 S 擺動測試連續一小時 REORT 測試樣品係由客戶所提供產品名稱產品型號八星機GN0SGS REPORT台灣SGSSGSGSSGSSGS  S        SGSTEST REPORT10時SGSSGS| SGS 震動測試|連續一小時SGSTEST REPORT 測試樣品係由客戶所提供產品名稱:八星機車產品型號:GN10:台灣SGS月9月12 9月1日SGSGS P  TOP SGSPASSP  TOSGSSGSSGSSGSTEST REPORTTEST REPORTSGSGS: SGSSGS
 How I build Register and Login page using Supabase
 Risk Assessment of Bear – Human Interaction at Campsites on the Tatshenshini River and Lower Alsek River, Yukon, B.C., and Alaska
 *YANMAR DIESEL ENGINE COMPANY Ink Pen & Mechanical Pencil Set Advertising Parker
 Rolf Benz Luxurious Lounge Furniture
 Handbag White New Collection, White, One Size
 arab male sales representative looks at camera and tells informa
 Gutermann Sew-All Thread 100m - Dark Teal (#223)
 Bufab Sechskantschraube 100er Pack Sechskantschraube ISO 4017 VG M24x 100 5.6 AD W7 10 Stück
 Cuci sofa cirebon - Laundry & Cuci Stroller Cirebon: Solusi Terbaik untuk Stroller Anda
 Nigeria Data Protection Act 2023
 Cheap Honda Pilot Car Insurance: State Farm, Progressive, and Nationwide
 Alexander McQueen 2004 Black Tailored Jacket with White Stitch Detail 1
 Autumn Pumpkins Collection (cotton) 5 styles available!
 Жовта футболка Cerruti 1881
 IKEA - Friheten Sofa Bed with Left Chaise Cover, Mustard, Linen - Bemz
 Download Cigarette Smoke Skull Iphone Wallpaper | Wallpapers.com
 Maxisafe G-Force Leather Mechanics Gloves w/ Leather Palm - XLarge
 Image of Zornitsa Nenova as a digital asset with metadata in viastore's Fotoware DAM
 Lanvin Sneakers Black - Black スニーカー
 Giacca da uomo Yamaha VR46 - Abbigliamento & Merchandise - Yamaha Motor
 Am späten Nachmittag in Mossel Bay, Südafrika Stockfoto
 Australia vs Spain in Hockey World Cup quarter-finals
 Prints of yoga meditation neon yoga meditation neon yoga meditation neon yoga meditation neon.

Goal of the exercise: The answer must consist of every line above that contains the word "with".

Task result:
 Alexander McQueen 2004 Black Tailored Jacket with White Stitch Detail 1
 IKEA - Friheten Sofa Bed with Left Chaise Cover, Mustard, Linen - Bemz
 Image of Zornitsa Nenova as a digital asset with metadata in viastore's Fotoware DAM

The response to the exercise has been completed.